Perf / clock, the Cortex-X3 exceeds Golden Cove & Zen4, so it's probably clocked a good lower than SPR & Genoa → saving power. Notably, the Cortex-X3 below is 1MB L2, but Neoverse V2 is upgraded to 2MB L2.

GB61 1T pts per GHz
Arm Cortex-X3: ~559 (S23U)
Intel Golden Cove: ~485 (i9-12900KS)
AMD Zen4: ~510 (7950X)

As NUVIA shared, per-core, datacenter CPUs are at basically smartphone power usage. At 2.8 GHz, one whole Arm Neoverse V2 core + L2 cache uses 1.4W:
Arm-Neoverse-V2-HC35_Page_13-scaled.jpg


Arm discussed more on V2 at Hotchips last week.

Will wait for actual benchmarks, though, before passing judgement for / against the V2.

EDIT: V2, not N2, eghad. Thank you, @bit_user
 
Last edited:
  • Like
Reactions: bit_user
For what it's worth, the Arm Neoverse N2 is based on the Cortex-X3, which is actually the newest Arm P-core uArch.
Typo: your link says V2, but you wrote N2. The N-series are mid-sized cores and based on the Cortex-A7xx series mobile cores. The V-series are the big cores, and based on the Cortex-X series mobile cores.

As for the statement, it's correct in the sense that X3 is the latest you can find in the wild, but ARM already announced the X4:

Some notable things about the X4 are that:
  • ARM claims it's the widest core, period. It features 11-wide decode!
  • It's exclusively 64-bit.
  • They eliminated the op cache, which probably made sense after they simplified its decoder by removing ARMv7 backwards compatibility.

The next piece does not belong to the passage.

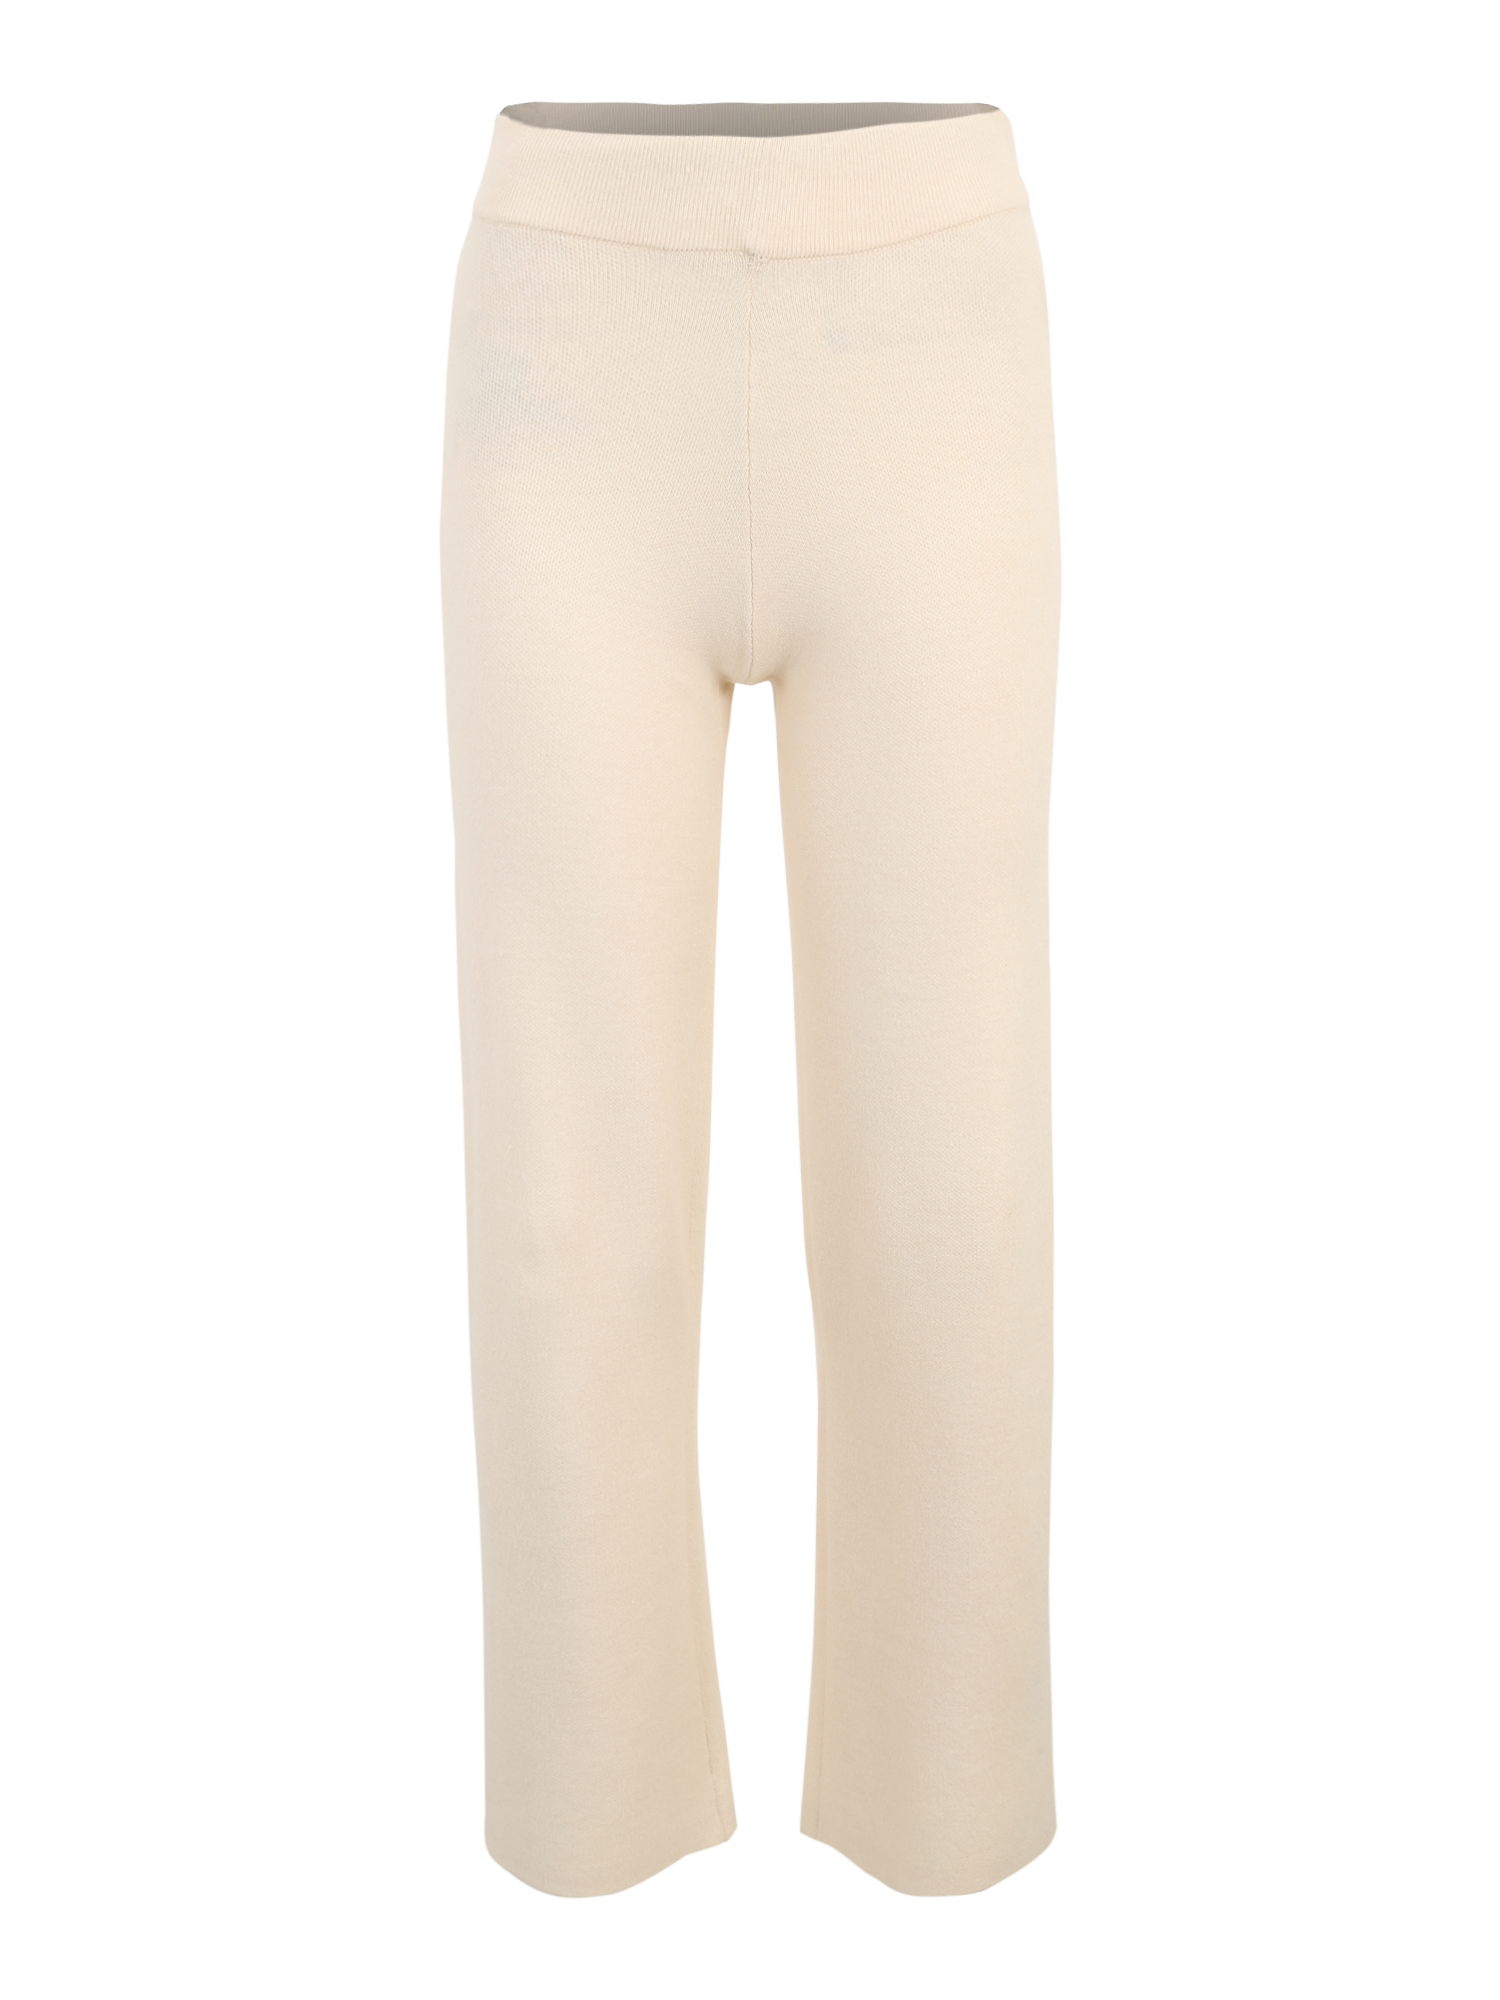 LqHWZ Bardziej zrównoważony Vero Moda Petite Spodnie GOLD NEEDLE w kolorze Szarobeżowym 
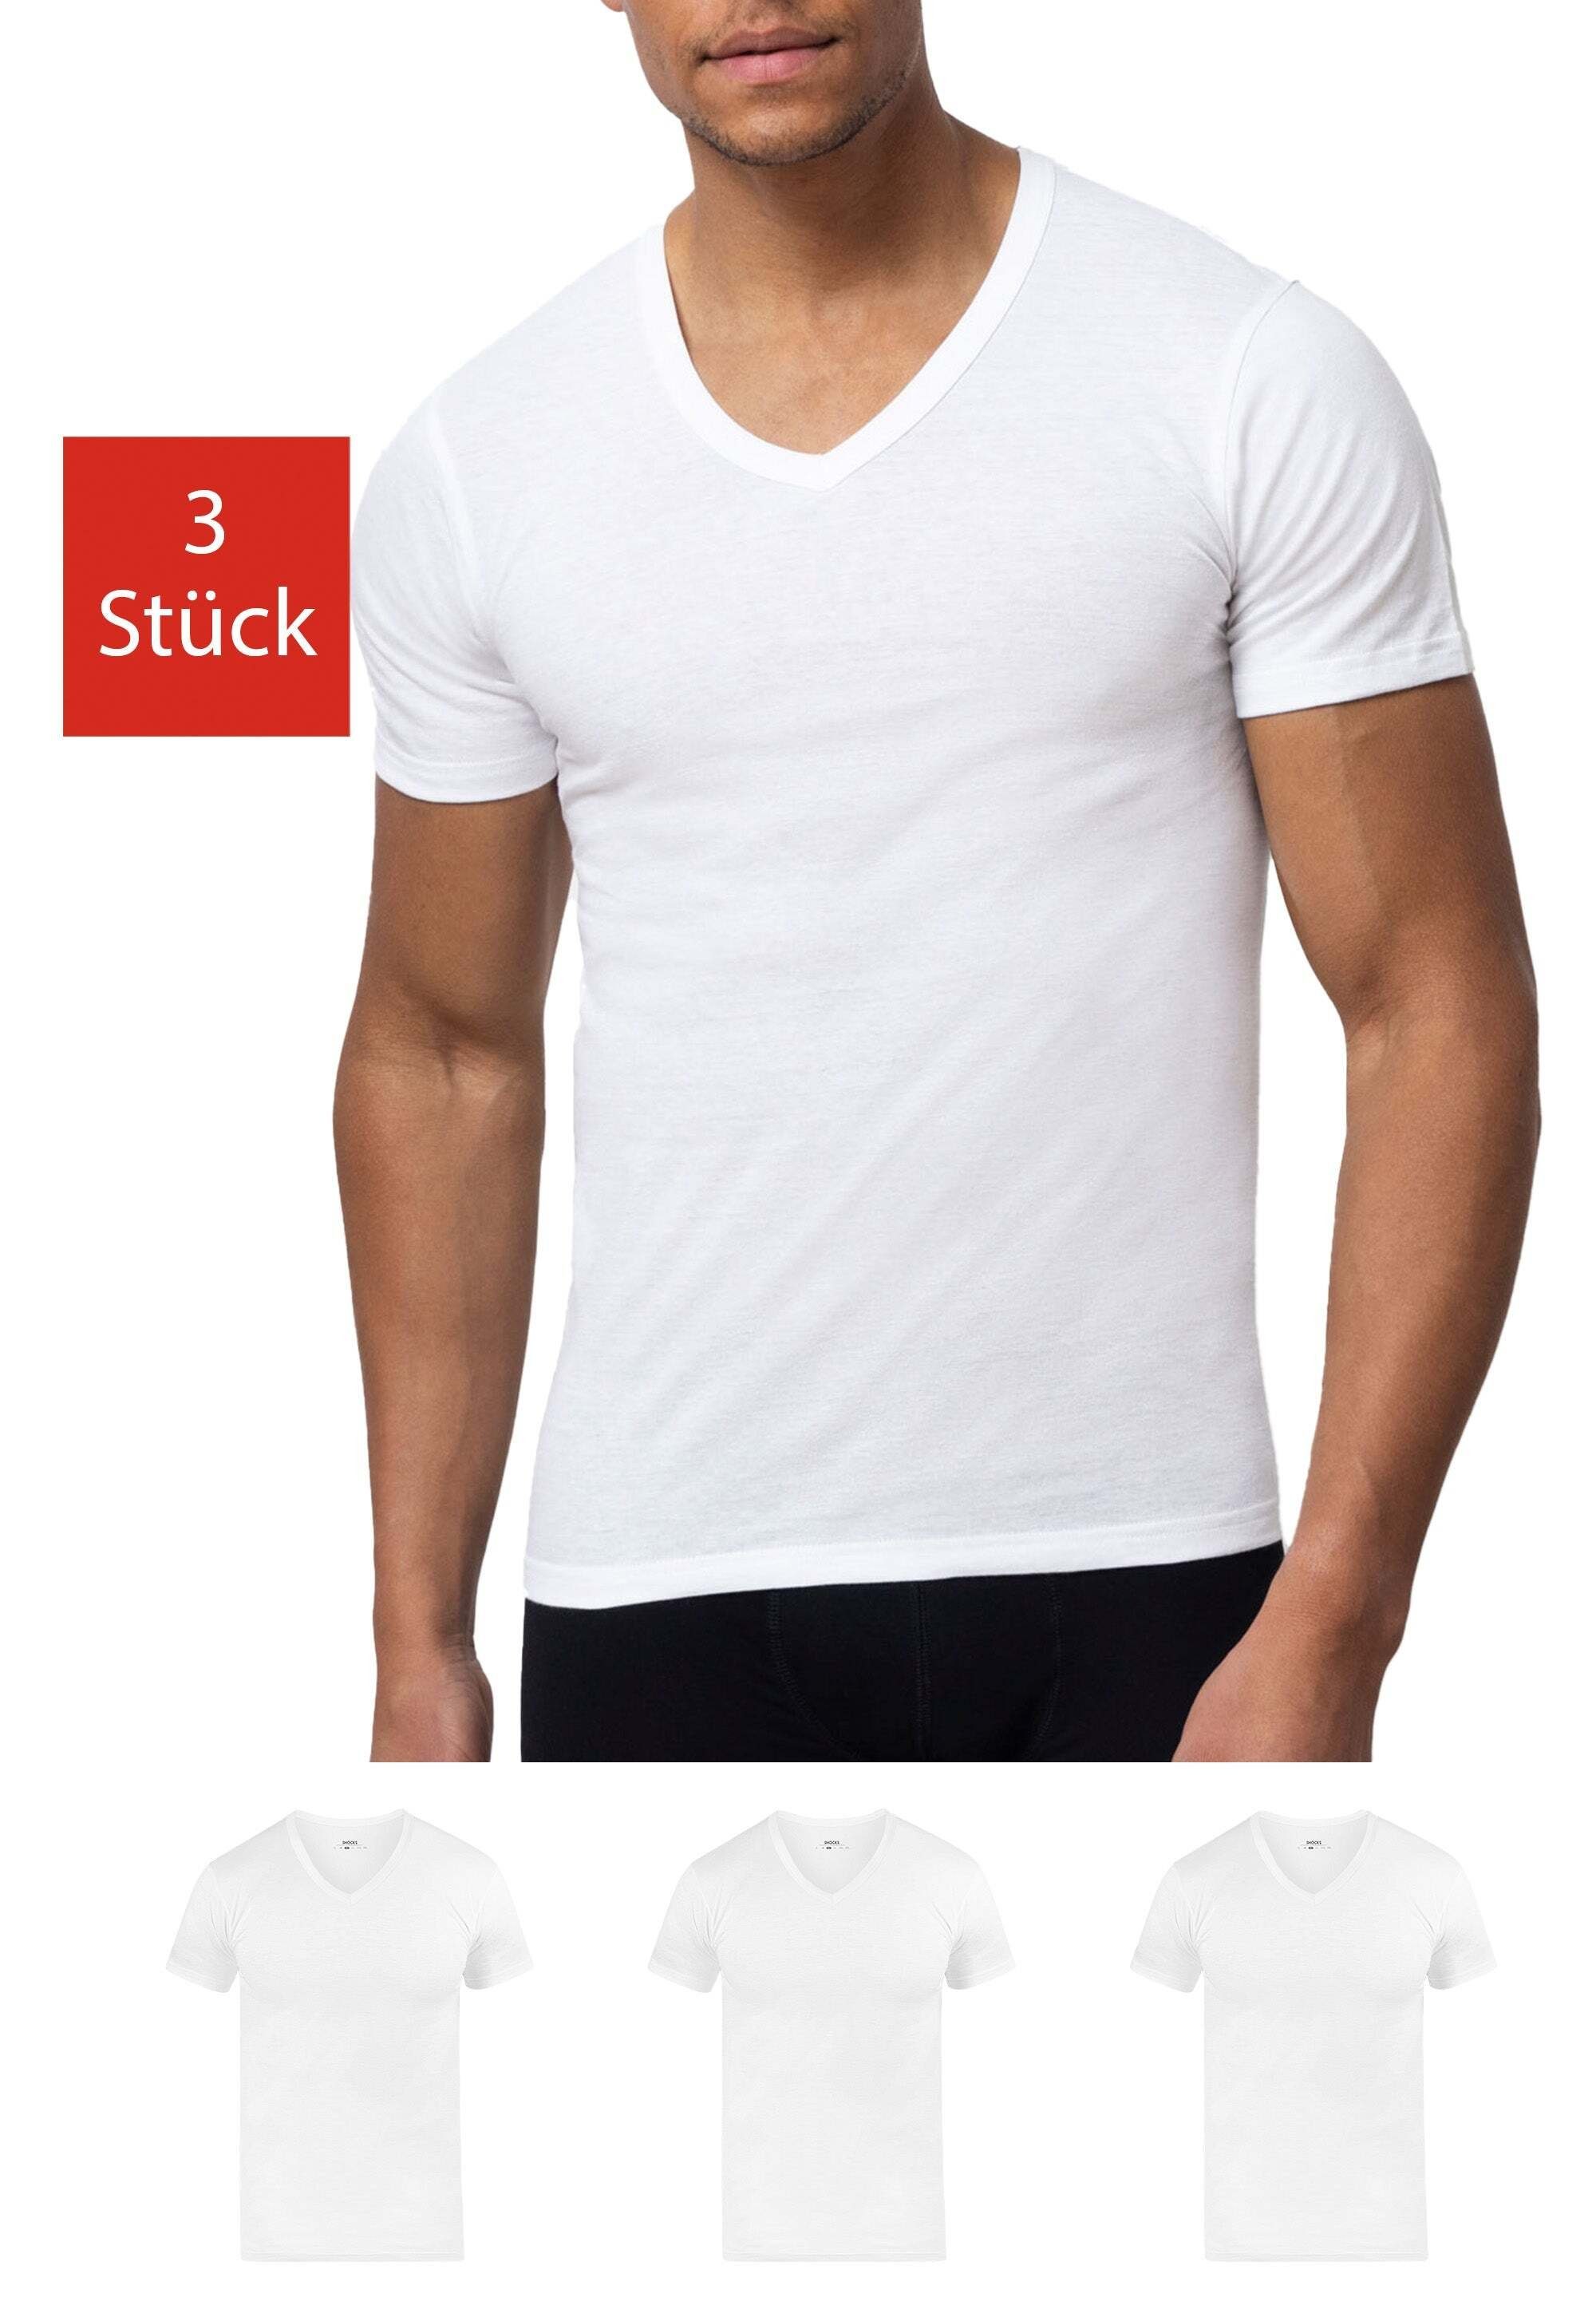 SNOCKS Unterziehshirt T Shirt mit V-Ausschnitt Unterhemden Herren (3 Stück, 3-St) aus Bio-Baumwolle, extra lang geschnitten Weiß | Unterhemden

Perf / clock, the Cortex-X3 exceeds Golden Cove & Zen4, so it's probably clocked a good lower than SPR & Genoa → saving power. Notably, the Cortex-X3 below is 1MB L2, but Neoverse V2 is upgraded to 2MB L2.

GB61 1T pts per GHz
Arm Cortex-X3: ~559 (S23U)
Intel Golden Cove: ~485 (i9-12900KS)
AMD Zen4: ~510 (7950X)
Of course, it matters what clockspeed you use to measure this. Ideally, you would run all processors at the same clockspeed, since IPC suffers as you increase frequency.
 
  • Like
Reactions: ikjadoon
Typo: your link says V2, but you wrote N2. The N-series are mid-sized cores and based on the Cortex-A7xx series mobile cores. The V-series are the big cores, and based on the Cortex-X series mobile cores.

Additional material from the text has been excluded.